Outsmarting SQL Joins

Reynold Greenlaw

If you work with SQL you will know about the various types of join and what they do:

  • [Inner] Join
  • Left [Outer] Join
  • Right [Outer] Join
  • Full [Outer] Join
  • Cross Join

(Where the Inner and Outer keywords are optional).

But how does SQL actually do the joining? Usually, it picks the most appropriate method (ie the fastest) and everything’s fine. Occasionally, however, it drops the performance ball and everything grinds to a halt. In these situations, knowing what’s going on behind the scenes can help to overrule SQL and get a better performance.

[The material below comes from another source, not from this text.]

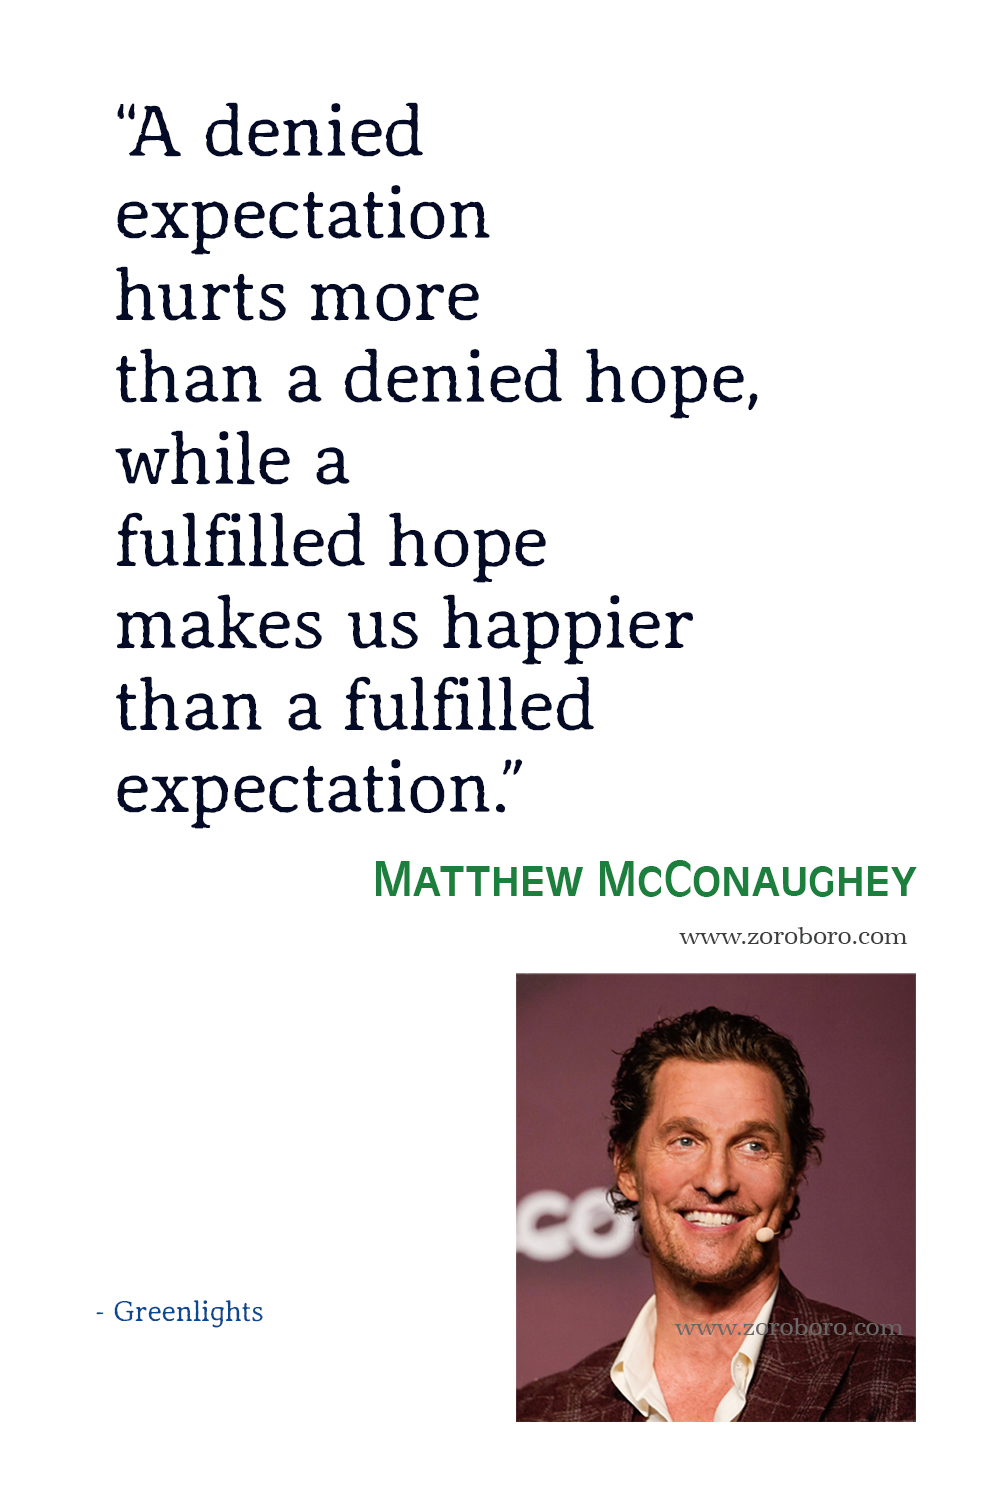 Matthew McConaughey Quotes, Matthew McConaughey Greenlights Quotes, Matthew McConaughey Inspirational Quotes, Matthew McConaughey Book Quotes.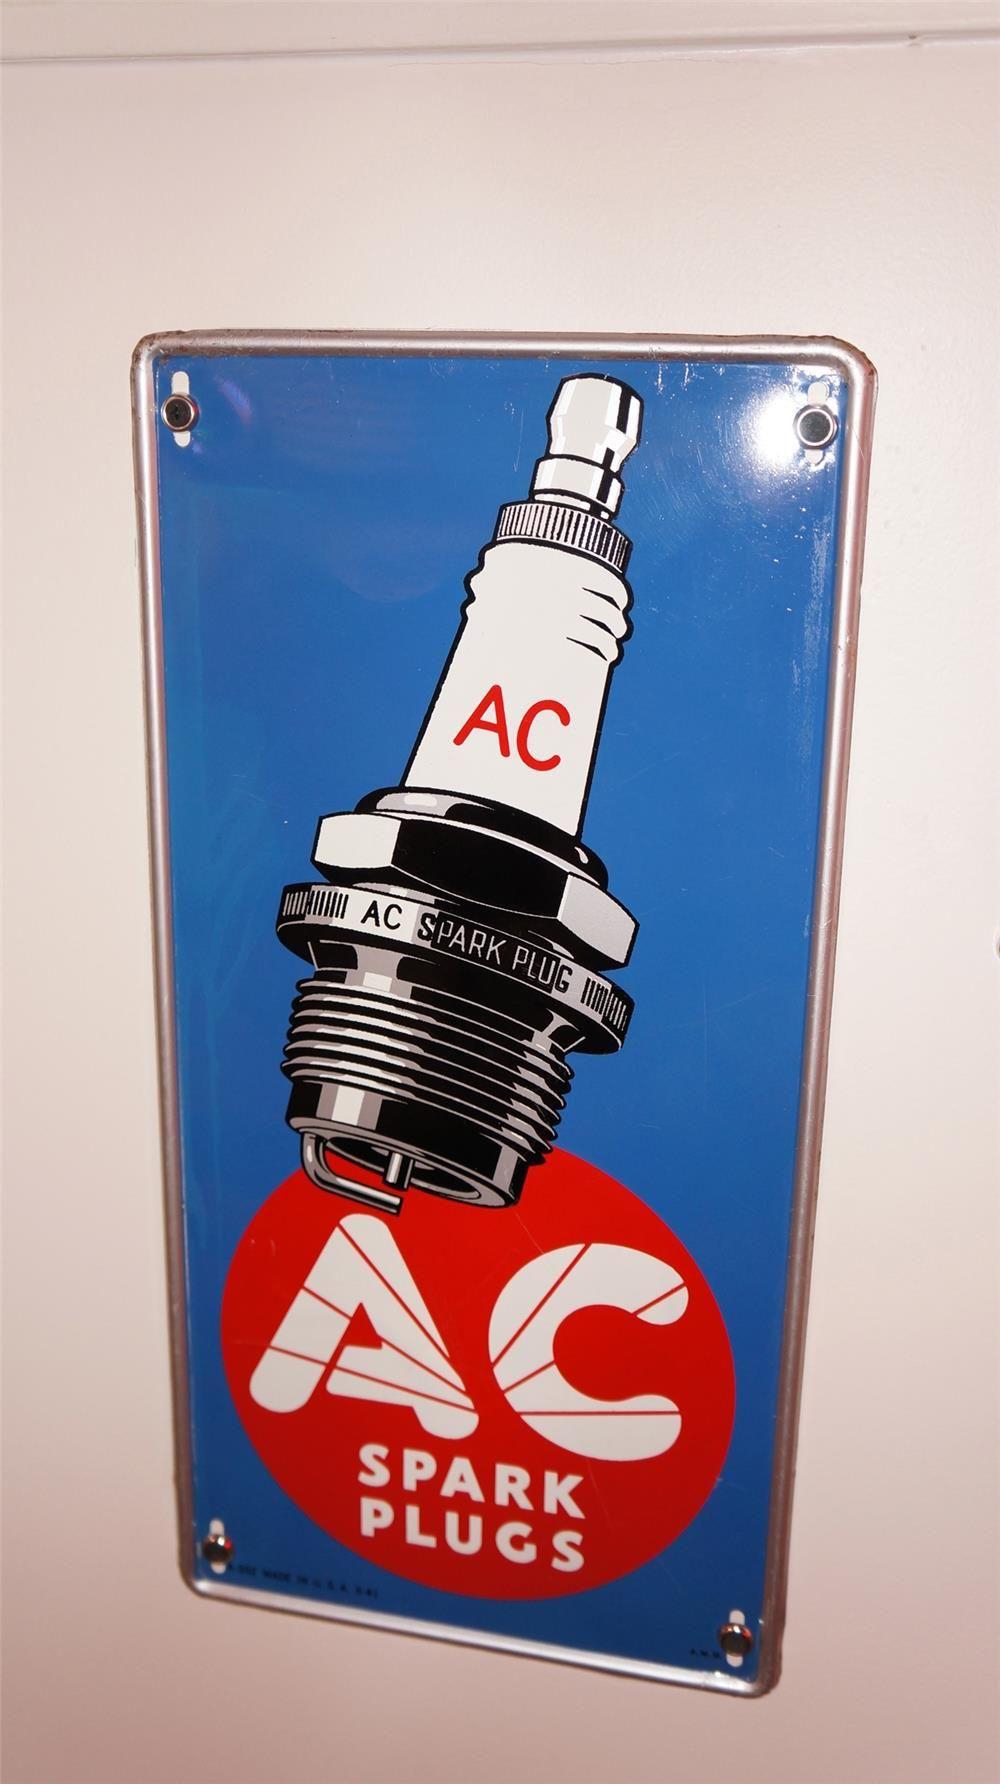 AC Spark Plug Logo - N.O.S. 1941 AC Spark Plugs self-framed vertical tin automotiv

Here’s how SQL does joins:

Nested Loop
Good for joining from a small table to a large indexed table. Each row in the small table is taken in turn and matches found in the large indexed table use an index lookup.

Merge
Good for joining between two large tables. These are both sorted on the columns being used for the join. The first row in one table is then compared with the first row in the second. Depending on which has the bigger value for the join column, the next row is then read from one or other of the tables. This process, which is, essentially, stepping down through the tables one row at a time, matching on the join column, is repeated until the end of one is reached.

Hash
Used when all else fails. Neither table needs to be indexed nor sorted. Each row in the smaller table is hashed and put into a hash bucket. Each row in the larger table is then hashed and checked against the corresponding hash bucket for a match.

Sometimes, we know that one particular type of join will be better when SQL decides to pick another. SQL can be forced to use one option quite simply with the syntax: Left Merge Join, etc. This can result in significant performance improvements so give it a try!